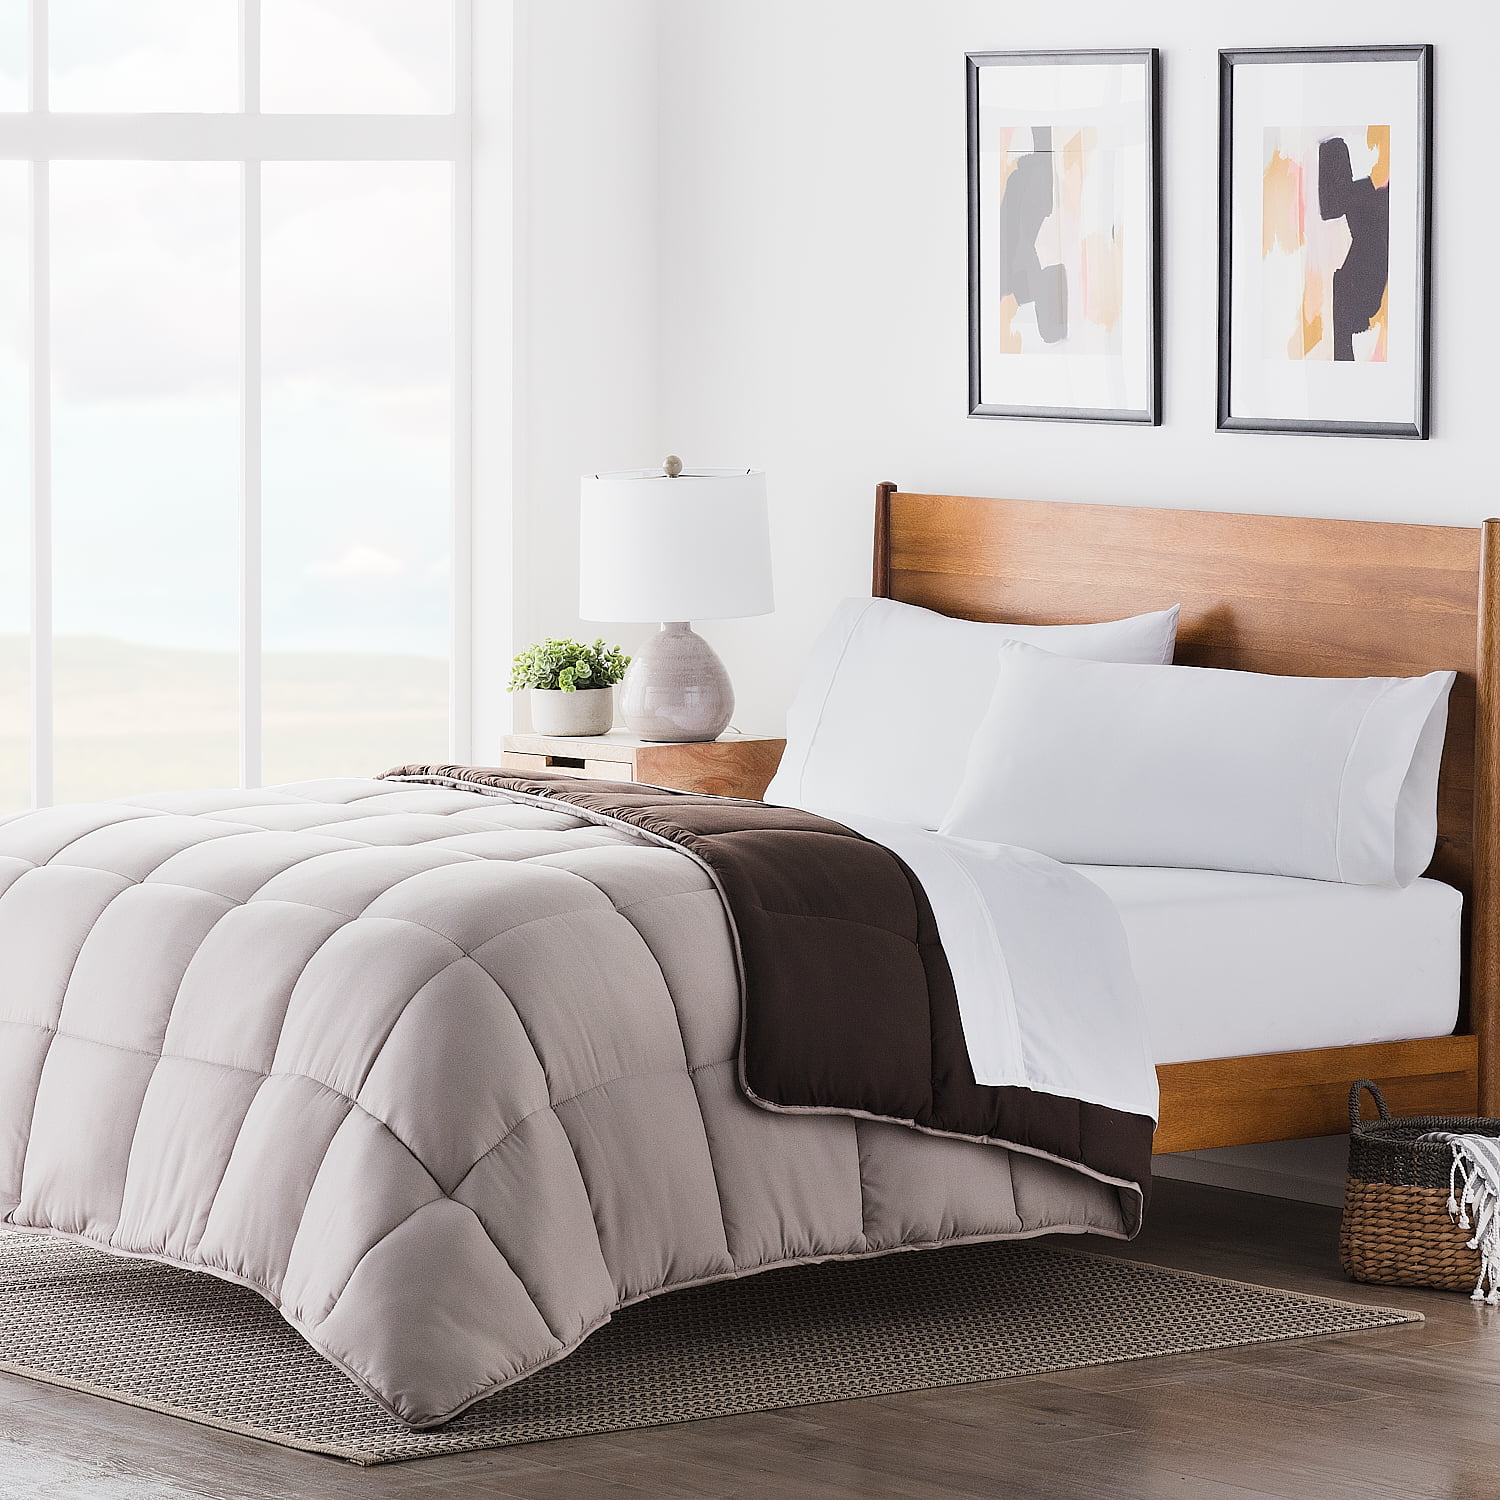 Details about   Cozynight Soft King Size Quilted Comforter Duvet Insert-Lightweight Down Alterna 
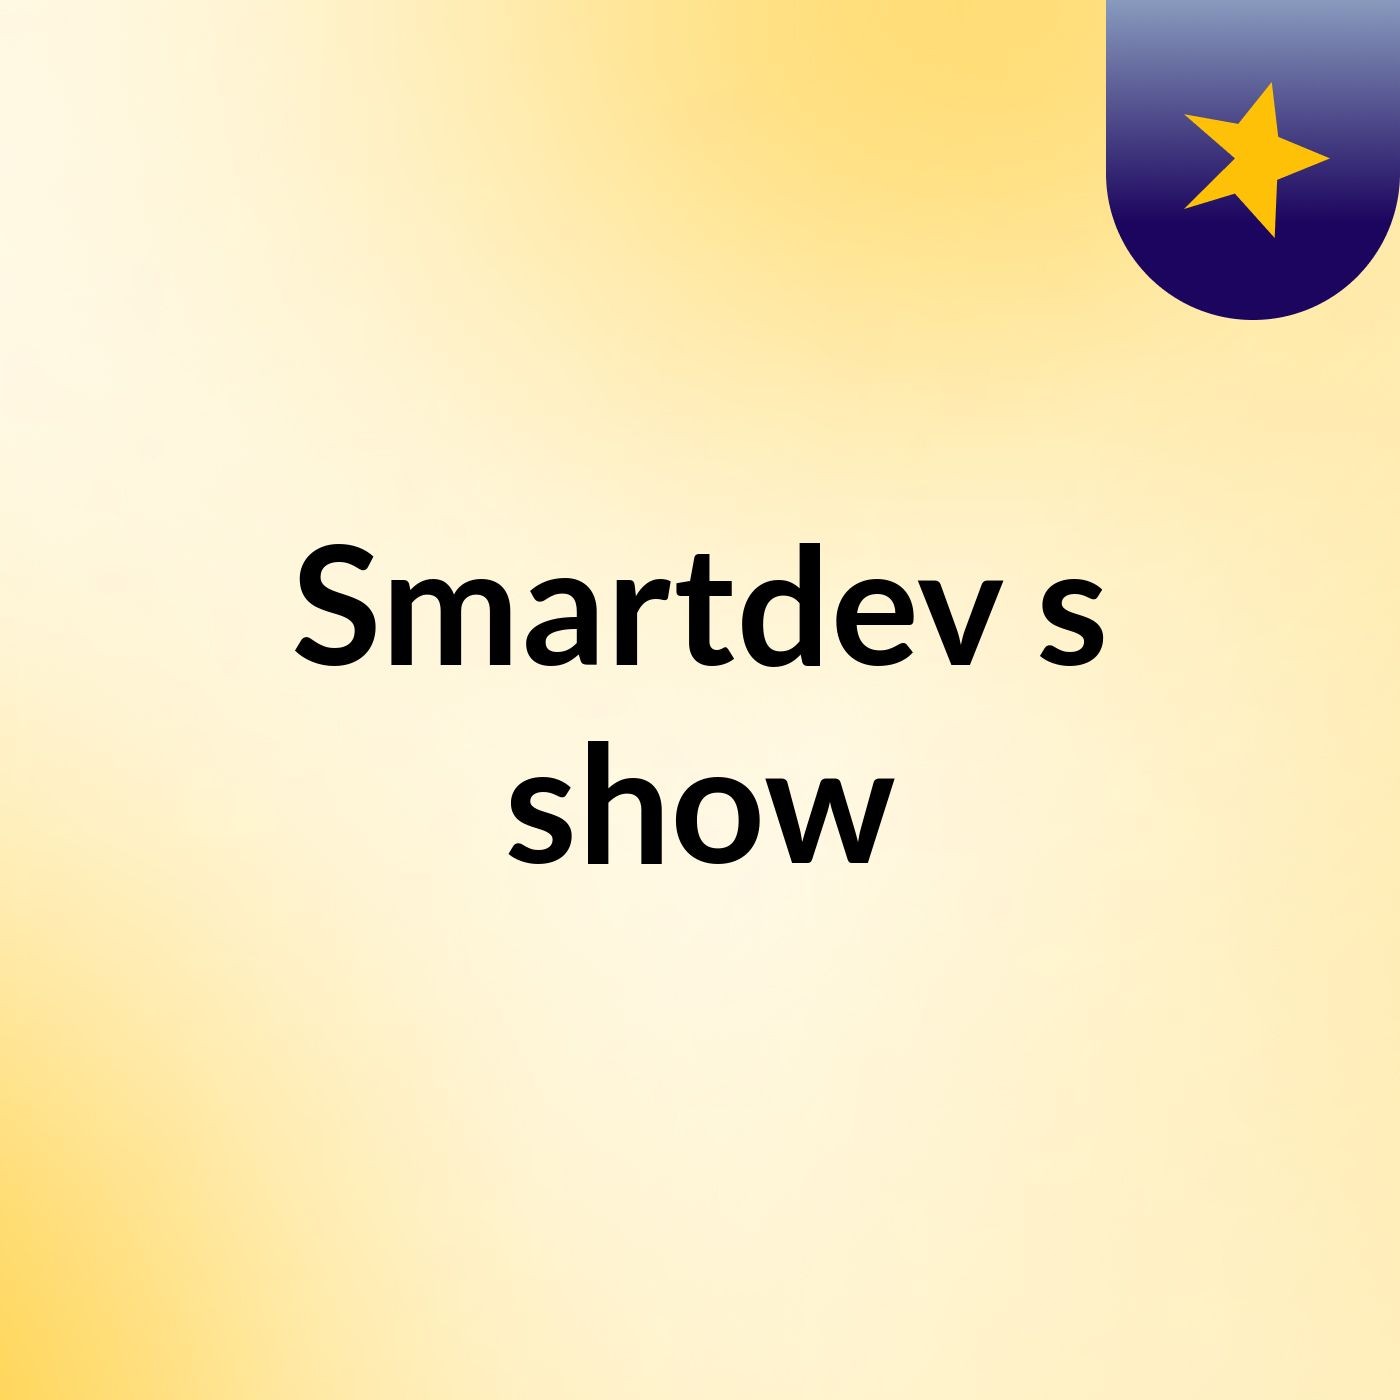 Smartdev's show
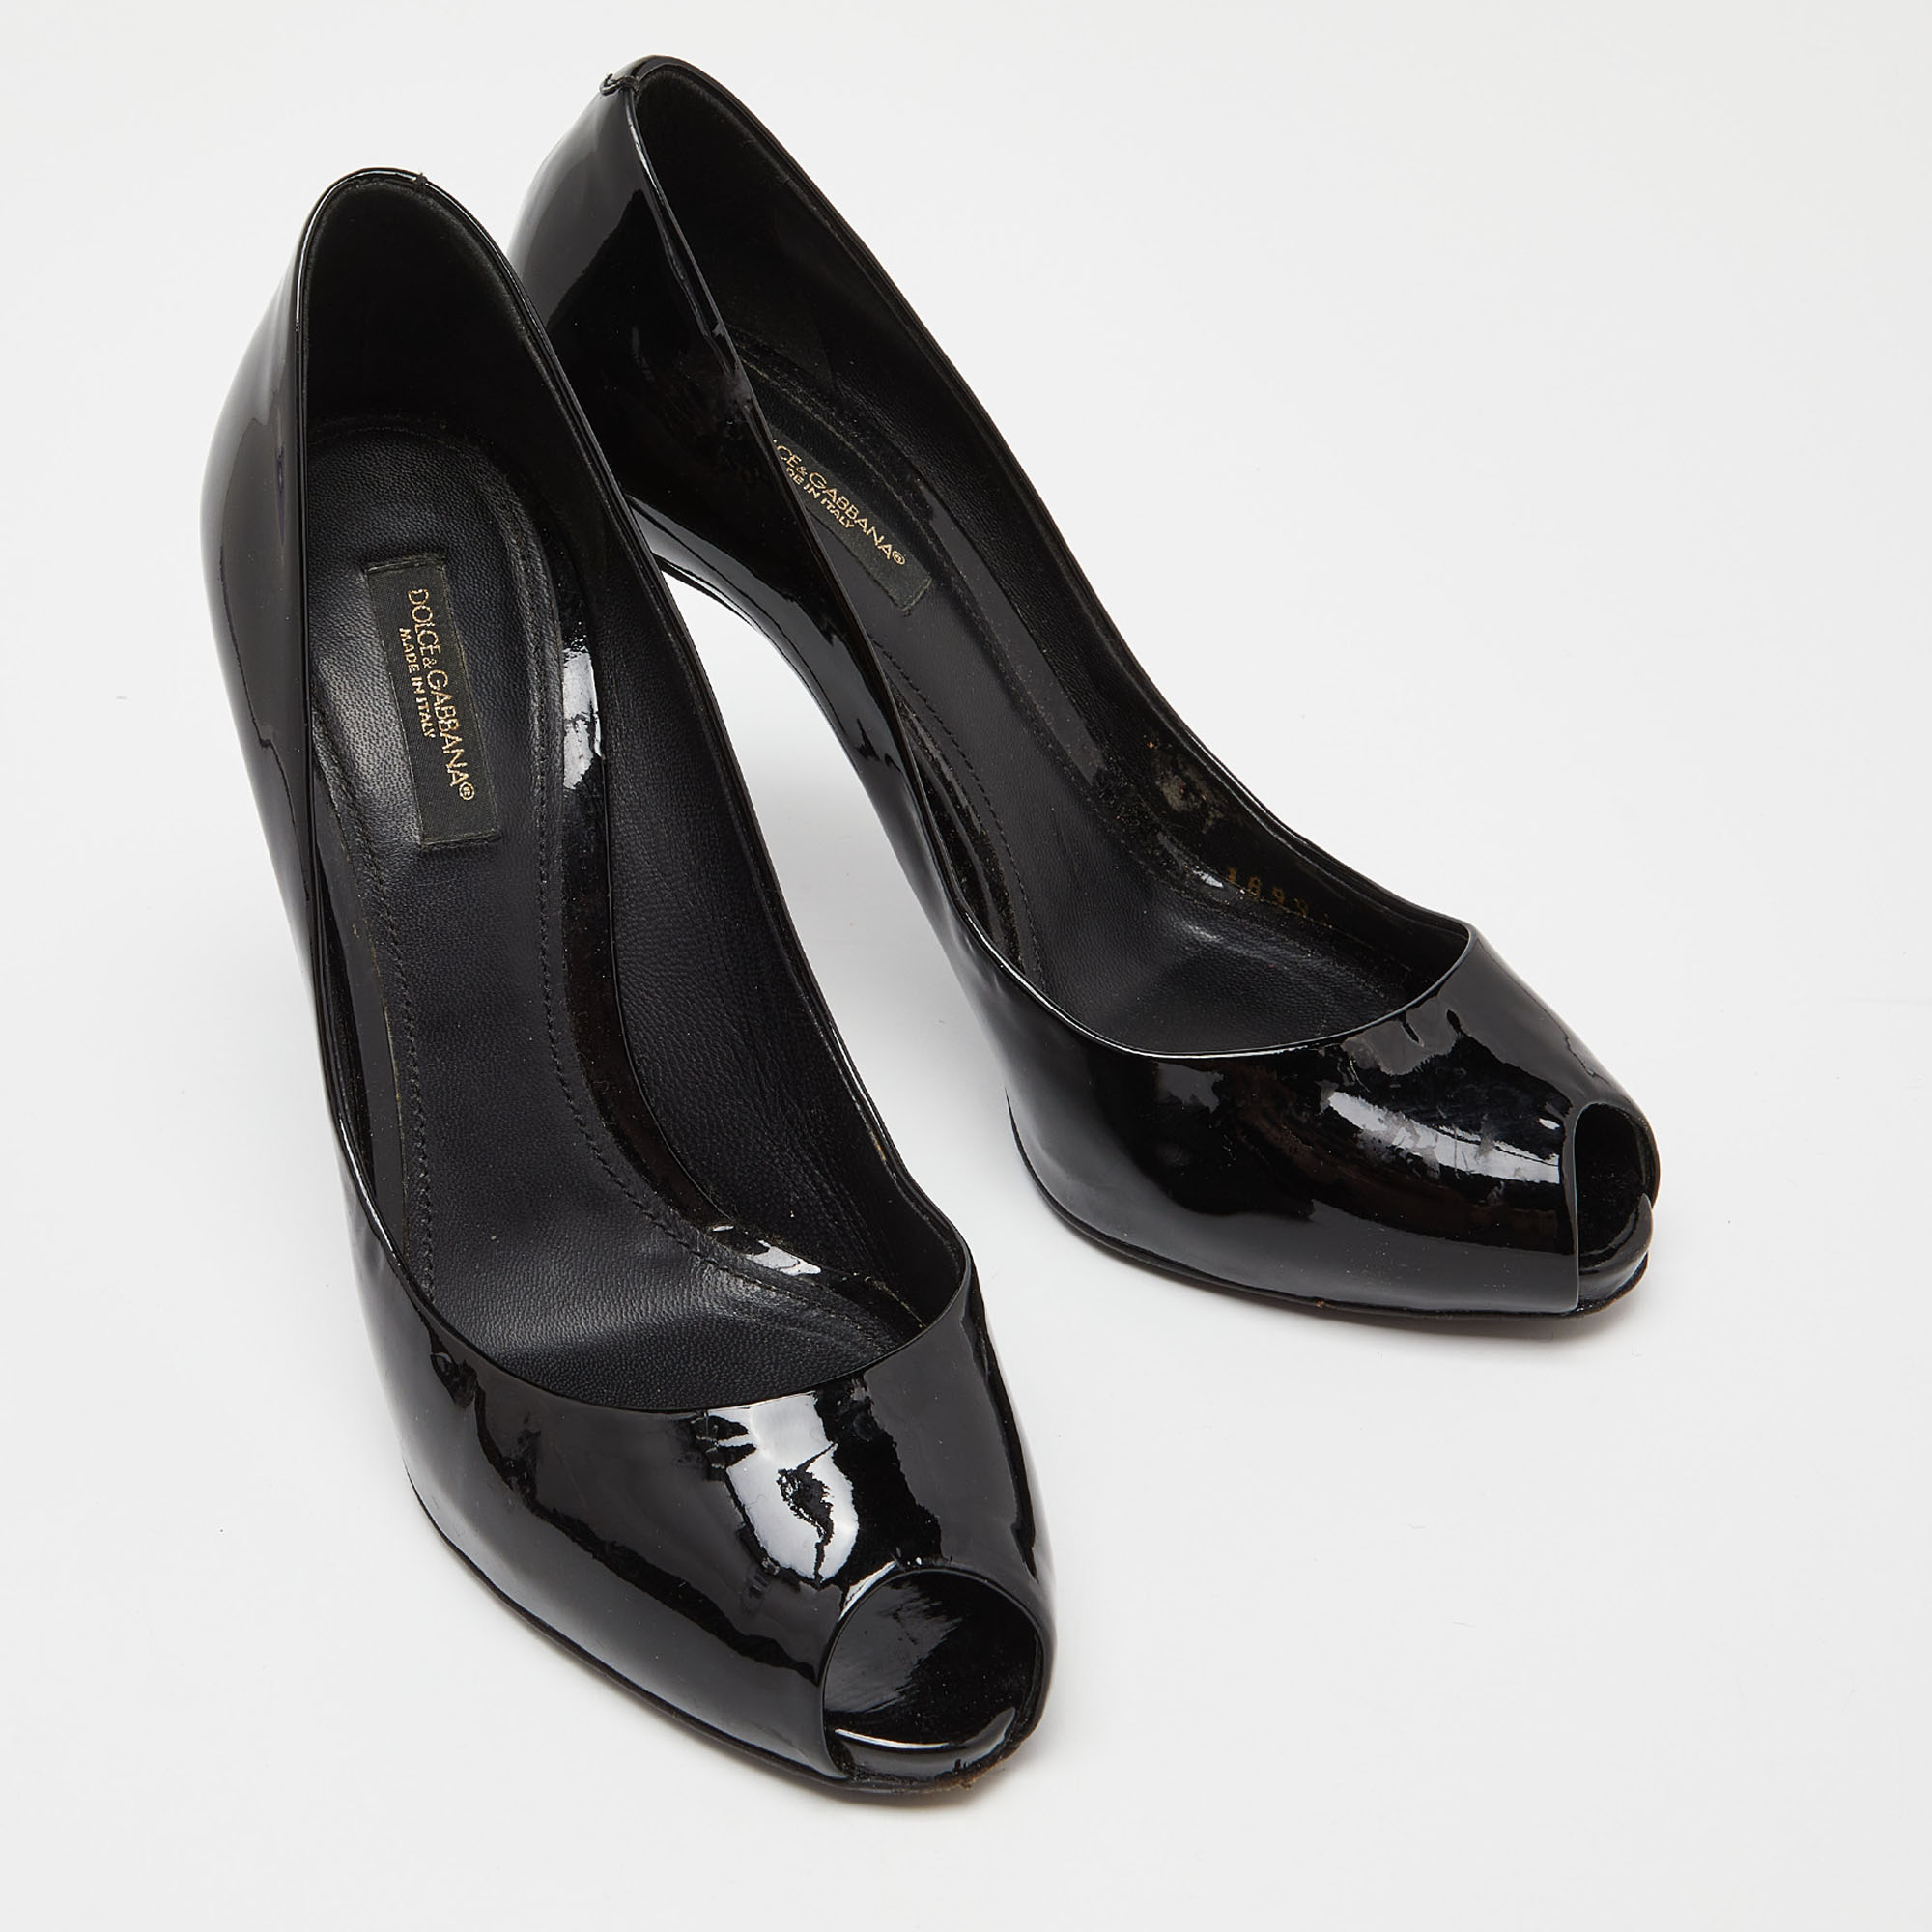 Dolce & Gabbana Black Patent Leather Platform Peep Toe Pumps Size 37
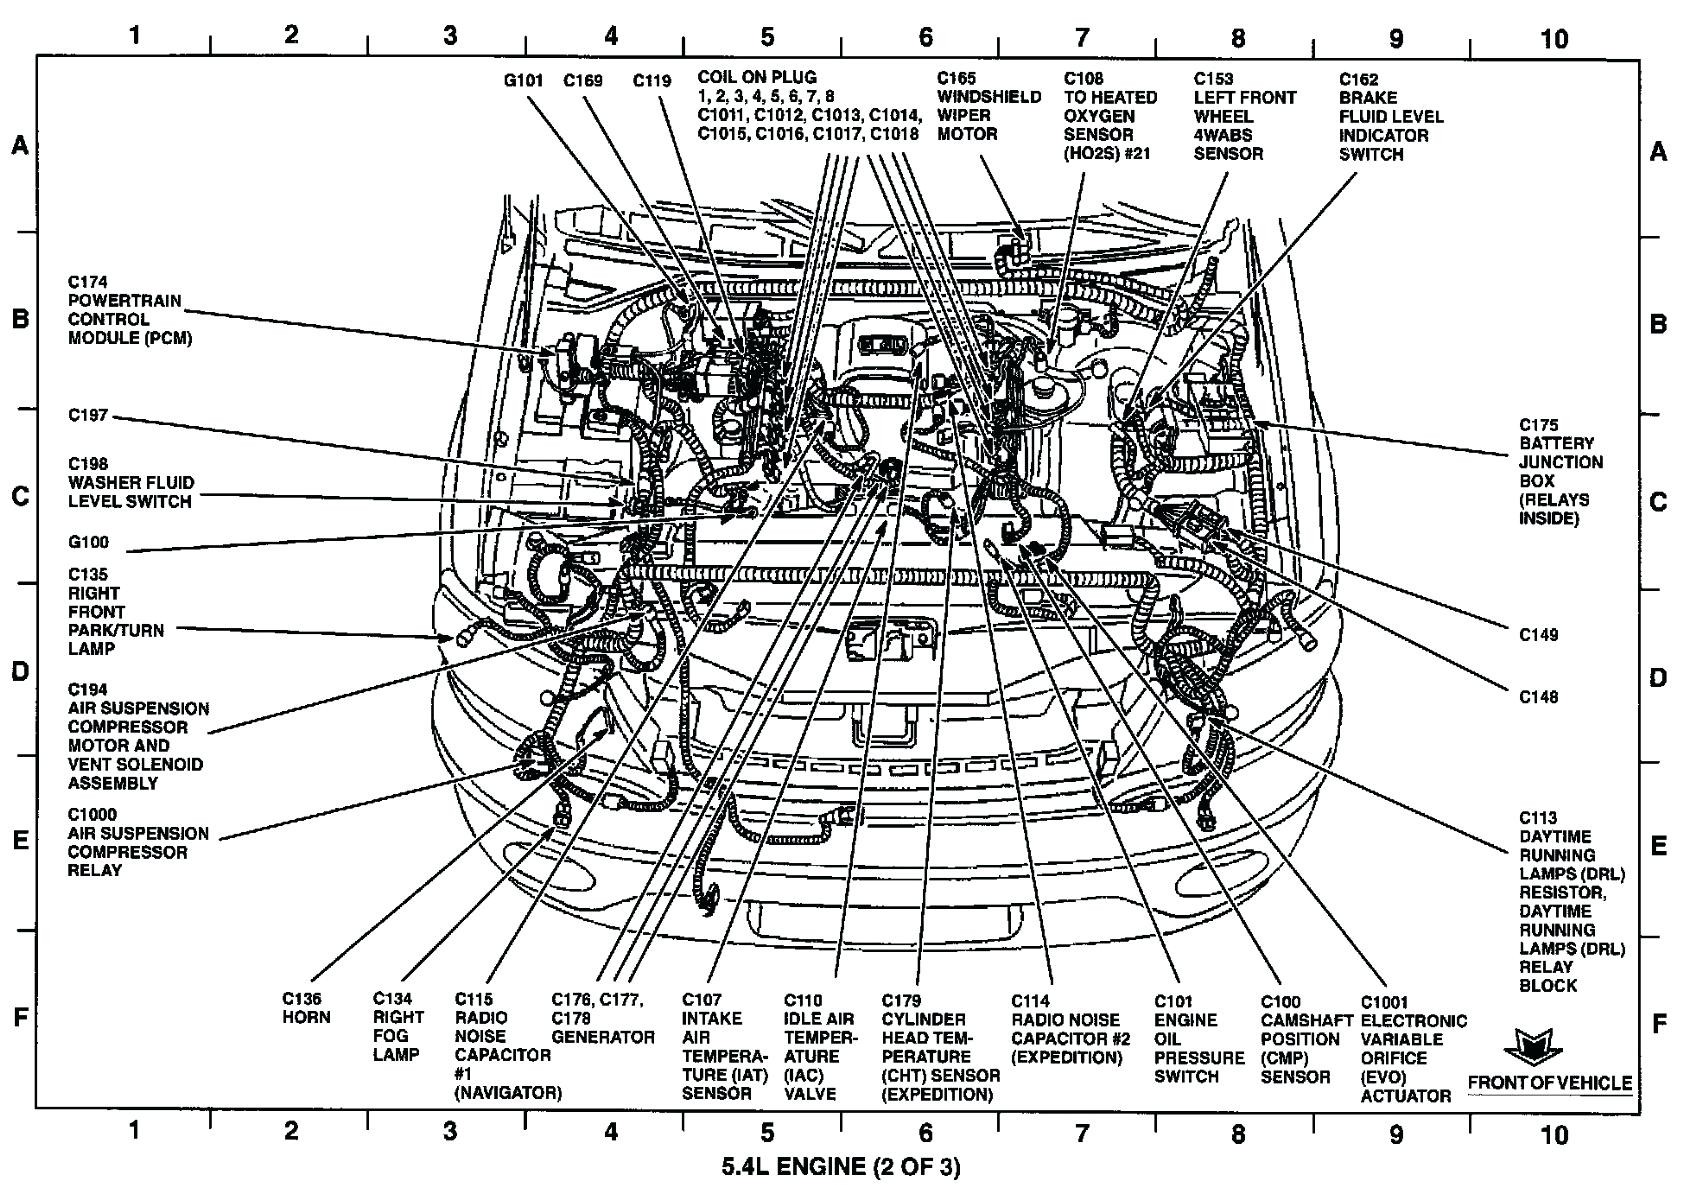 2005 ford Escape Engine Diagram ford V6 3 7 Engine Diagram Of 2005 ford Escape Engine Diagram

→ **EXERCISE AIM**
Would you return the data above exactly as written, minus the images?

→ **TASK RESPONSE**
 Details about   Cozynight Soft King Size Quilted Comforter Duvet Insert-Lightweight Down Alterna 
 Smartdev's show
 Dolce & Gabbana Black Patent Leather Platform Peep Toe Pumps Size 37
 2005 ford Escape Engine Diagram ford V6 3 7 Engine Diagram Of 2005 ford Escape Engine Diagram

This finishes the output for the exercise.